Hong Kong’s Office of the Ombudsman has publicly stated that food safety checks of fresh produce in the city are “hasty.” This comes as the Office of the Ombudsman--tasked with investigating the public administration and any complaints logged against government officials or departments--unveiled results from an investigation entitled “Food and Environmental Hygiene Department’s System of Safety Control for Imported Fruits and Vegetables”. The investigation was prompted by a “Complaint about the Handling of an Application for Housing Transfer by Social Welfare Department and Housing Department”--also outlined in a second report.

Fruits and vegetables undergo mediocre inspections, and sometimes no inspections are performed at all. Laboratory test results are slow. Also, the rules on lead residue in leafy greens are rather lax. These loopholes are potentially jeopardizing the health and wellbeing of Hong Kong’s residents.

The Centre for Food Safety under the Food and Environmental Hygiene Department is the body tasked with sampling fresh produce that is imported to Hong Kong. Inspectors are to look for pesticide residues and the presence of certain heavy metals known to negatively affect human health.

This current investigation honed in on fresh produce sampling procedures at Hong Kong’s land, air and sea import checkpoints.

At the land checkpoint--produce sampling was completed at a “very hasty pace.” Inspectors focused solely on produce crates near the checkpoint doors, ignoring those located deeper inside the delivery trucks.

At the sea checkpoint--routine checks of fresh produce were only conducted when inspectors had been previously notified of a possible food safety risk. The Office of the Ombudsman says that 80 percent of Hong Kong’s imported produce arrives by sea.

“The situation is undesirable,” says Ombudsman Connie Lau Yin-hing.

In part, the report reads, “The system of sampling checks on [produce] imported by sea is clearly rather lax. Most of the fruits and vegetables imported by sea would have already entered the market for public consumption before having undergone any inspection.”

In addition to lax inspection habits, laboratory tests take about 19 working days to be released. However, testing and result wait times shrunk down to just 2 days when a possible health scare or outbreak was suspected.

Although inspectors are responsible for checking foods for pesticides and metals, not all foods require such scrutiny. In fact, some of the most commonly used foods in Hong Kong--lotus roots and bean sprouts--do not undergo these safety checks.

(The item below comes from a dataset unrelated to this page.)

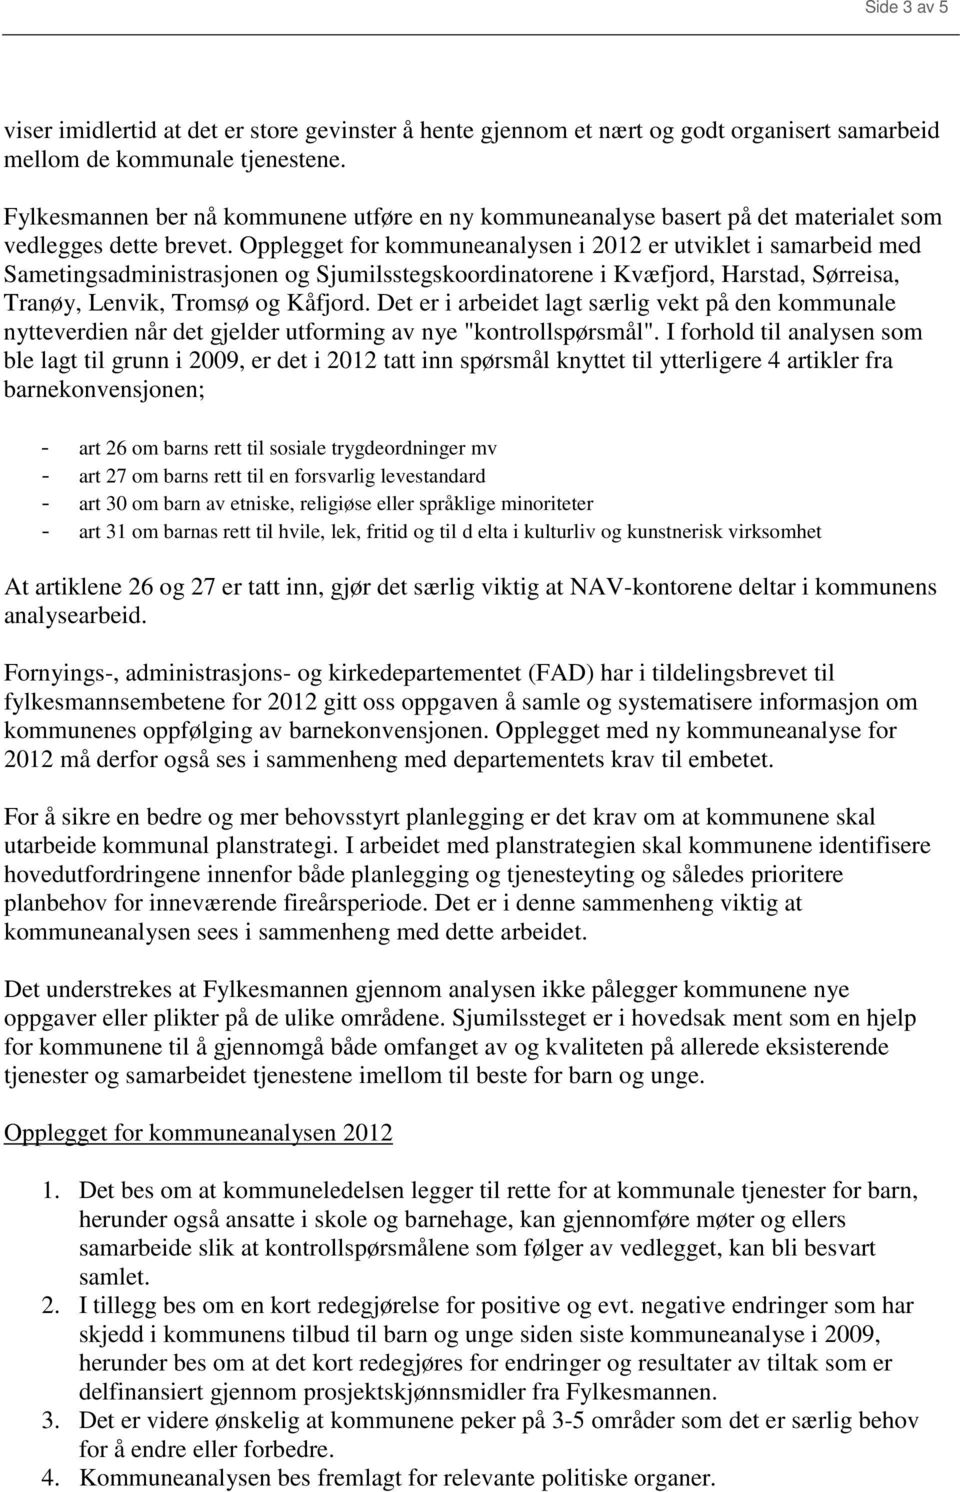 Opplegget for kommuneanalysen i 2012 er utviklet i samarbeid med Sametingsadministrasjonen og Sjumilsstegskoordinatorene i Kvæfjord, Harstad, Sørreisa, Tranøy, Lenvik, Tromsø og Kåfjord.
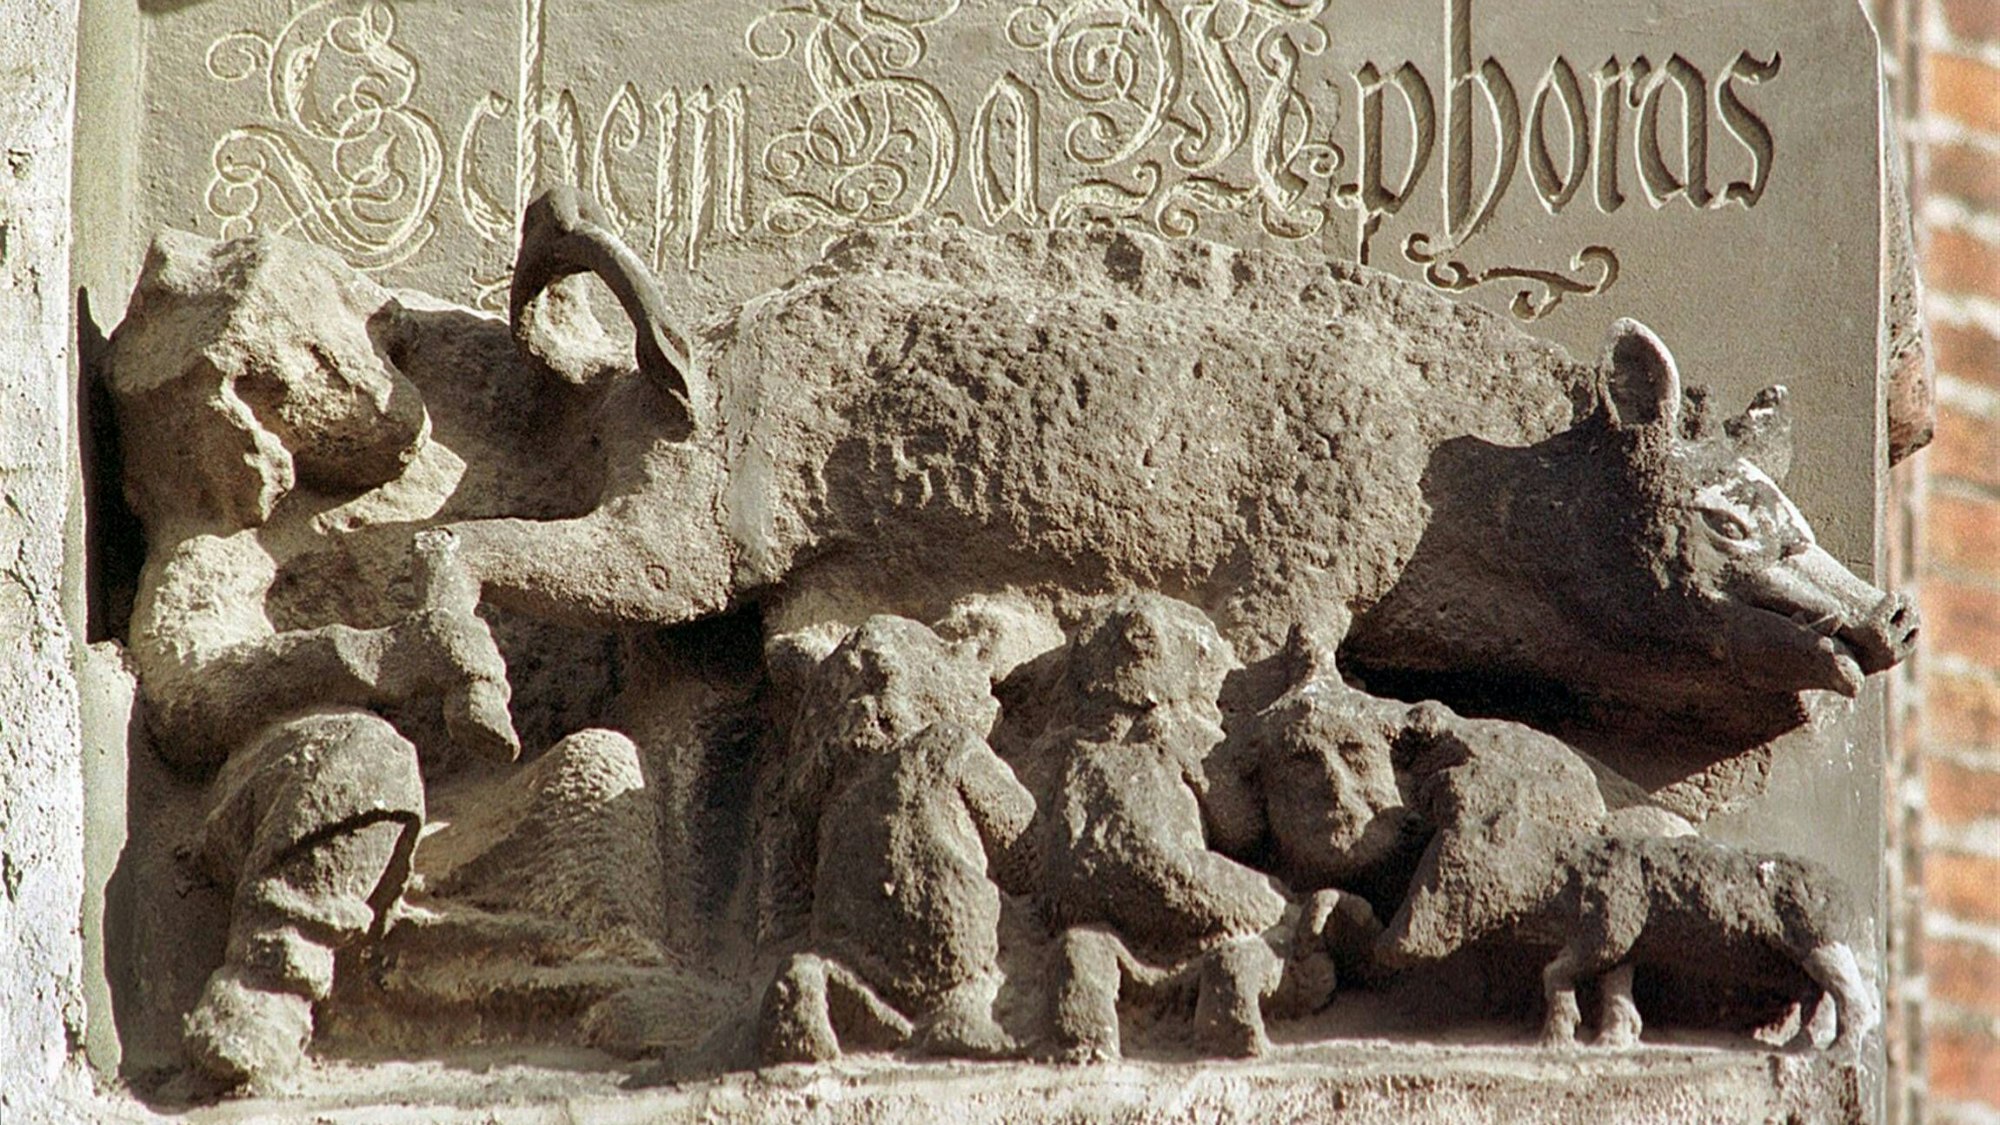 Judensau an der Stadtkirche St. Marien in der Lutherstadt Wittenberg (Sachsen-Anhalt) mit der Inschrift Rabini, Schem Ha Mphoras (hebr. der unverstellte Name).

The city’s threshold for lead content in fresh produce is another point of contention. There, leafy greens are permitted 6 mg per kg of lead present on fresh produce. However, the code set by Codex Alimentarius sets the maximum limit of lead in leafy greens at 0.3 mg per kg.

As a result of these investigative findings, the Ombudsman’s office has supplied Hong Kong’s Food and Environmental Hygiene Department with a plethora of recommended changes to update and improve the city’s fresh produce inspection practices.

The results of Hong Kong’s safety practices for imported fruits and vegetables is available on the Office of the Ombudsman’s website.